Она зажмурилась, пытаясь собраться с силами, даже открыла рот, чтобы начать, но в последний момент лишь выдохнула и подтянула колени к груди. Скрестив озябшие ступни, Рене до боли сжала собственные предплечья.

– Это был осколок ребра, – начала она, глядя на поцарапанный узор старой деки и не видя перед собой ничего. Ни вырезанных листов папоротника, ни цветов. Прямо сейчас Рене снова была в операционной посреди крови и с умирающим на столе пациентом. Интересно, сколько раз это ещё повторится? Десять? Двадцать? Сколько раз ему придется умереть, чтобы она забыла. Или… такое не забывается? – Он вошёл в левое предсердие, зацепив лёгочный ствол. Рана, видимо, была небольшая. Кровь накапливалась в перикарде, пока её не стало слишком много, отчего сначала возникли проблемы с ритмом, а потом появилось подтекание.

– Что ты сделала, когда встало сердце?

Вопрос прозвучал жёстко. Негрубо, просто… для находившейся в полном раздрае Рене слишком резко. Шмыгнув носом, она качнула головой.

– Не то…

– Что именно, – с нажимом спросил Энтони.

– Я заподозрила печень. После удаления размозжённого участка могла потребоваться тампонада…

– Дальше!

– Она была в порядке, – прошептала Рене. – Но я до последнего надеялась, что пропустила какую-нибудь мелочь. А потом стало поздно – дело было в сердце. Не знаю, почему мы… почему я не заметила осколка. Его не было на снимках! Энтони, правда! Господи… С каждой новой фибрилляцией он всё глубже уходил в ткани и надрывал лёгочную артерию. Шансов не было.

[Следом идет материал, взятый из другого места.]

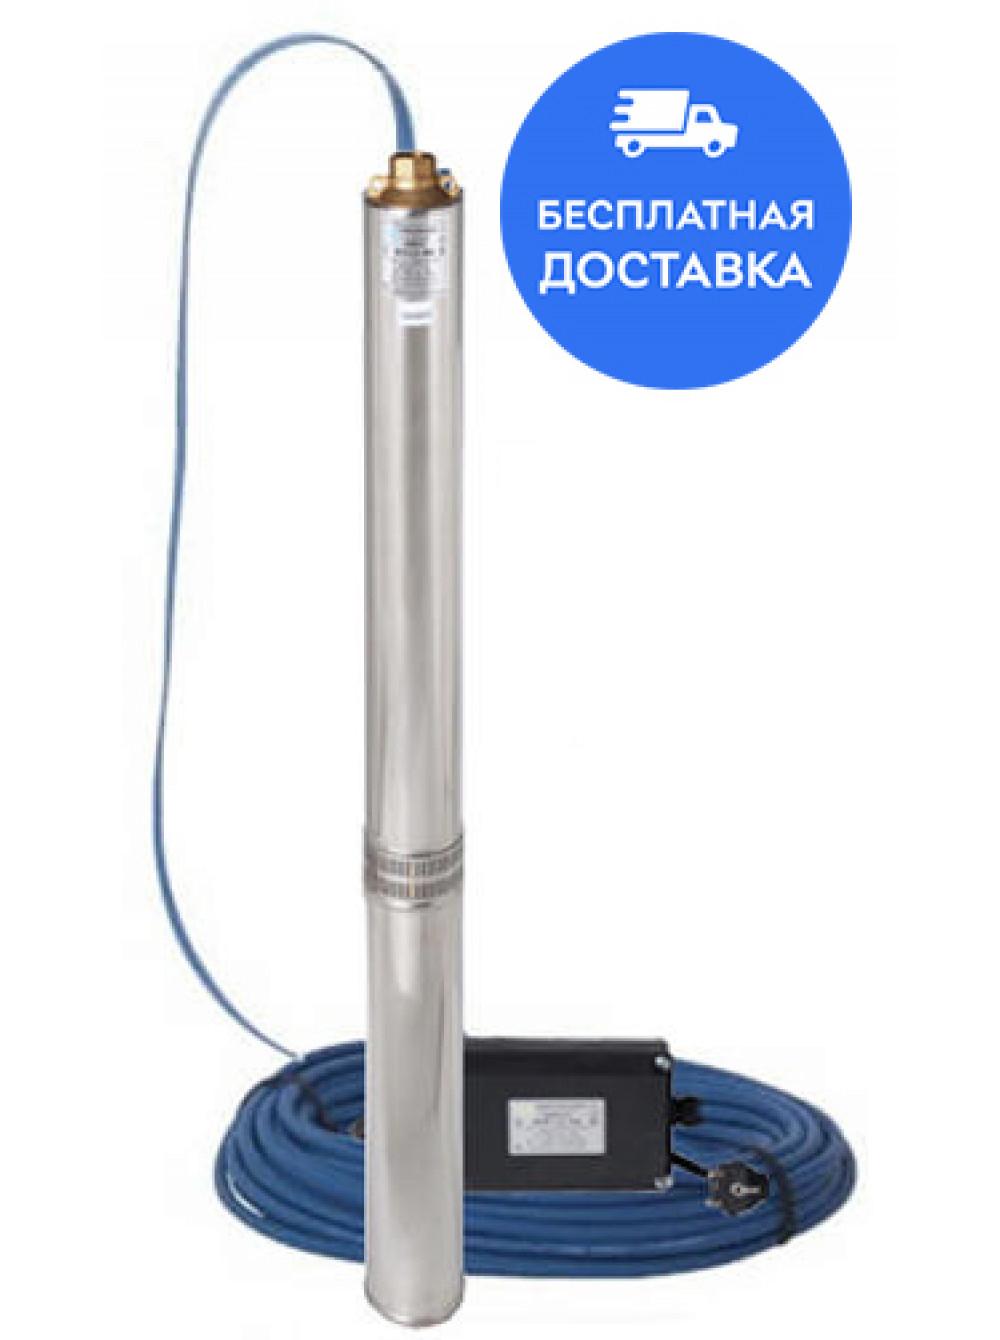 Насос погружной Водолей БЦПЭ 0,3-80У 1m3/h-2m3/h цена

Она прервалась, и повисла неуютная заминка. Ланг задумчиво водил кончиками пальцев по нижней губе, Рене же боялась поднять голову. Наконец, она не выдержала гнетущей тишины и скороговоркой спросила:

– Я ведь должна была что-то заметить, да? Ты поэтому молчишь. Значит, там было…

– Ты постоянно смотрела на его лицо и руки. Почему? – неожиданно спросил Энтони, и она застыла. Ногти впились в мягкую кожу предплечий, оставив на ней следы, пока Рене судорожно пыталась придумать ответ. Хоть какой-нибудь.

– Мне… я…

Рене запнулась и с тоской проследила, как медленно поползла вверх правая бровь доктора Ланга. Видимо, внезапно проснувшееся заикание в ответ на такой простой вопрос вызвало у него искреннее недоумение. Так что пришлось собрать остатки здравого смысла и выкручиваться.

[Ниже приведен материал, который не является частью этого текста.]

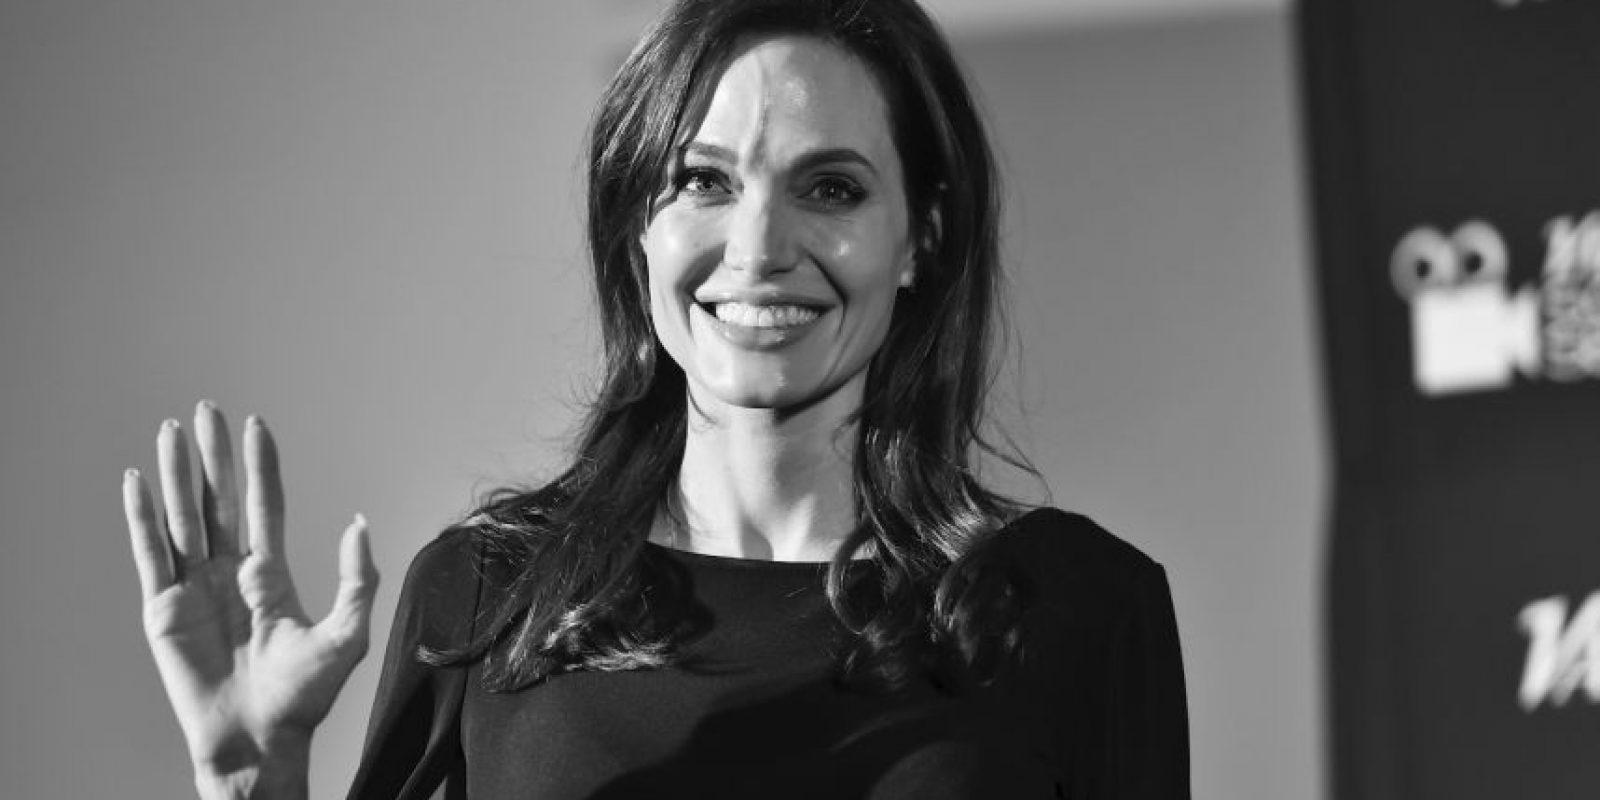 """Su reconocimiento mundial comenzó a desarrollarse después de que ganara un premio Oscar como mejor actriz de reparto, en 2000, gracias a su trabajo en la película """"Inocencia interrumpida"""" Foto:Getty Images"""

– Он напомнил одного моего знакомого. В какой-то момент я даже перепутала их…

– И потому так настойчиво хотела заняться кистями? – резко перебил Энтони. Рене растерянно взглянула в его скривившееся от раздражения лицо, и Ланг снизошел до пояснений. – Фюрст сказал.

Ах, ну да… Рене поджала губы, отвернулась и медленно выдохнула. Она не представляла, как объяснить ту лавину эмоций, что накрыла в операционной. Да и стоит ли… А потому лишь осторожно пробормотала:

– Не только. Я уже делала такое раньше, в августе. Профессор Хэмилтон…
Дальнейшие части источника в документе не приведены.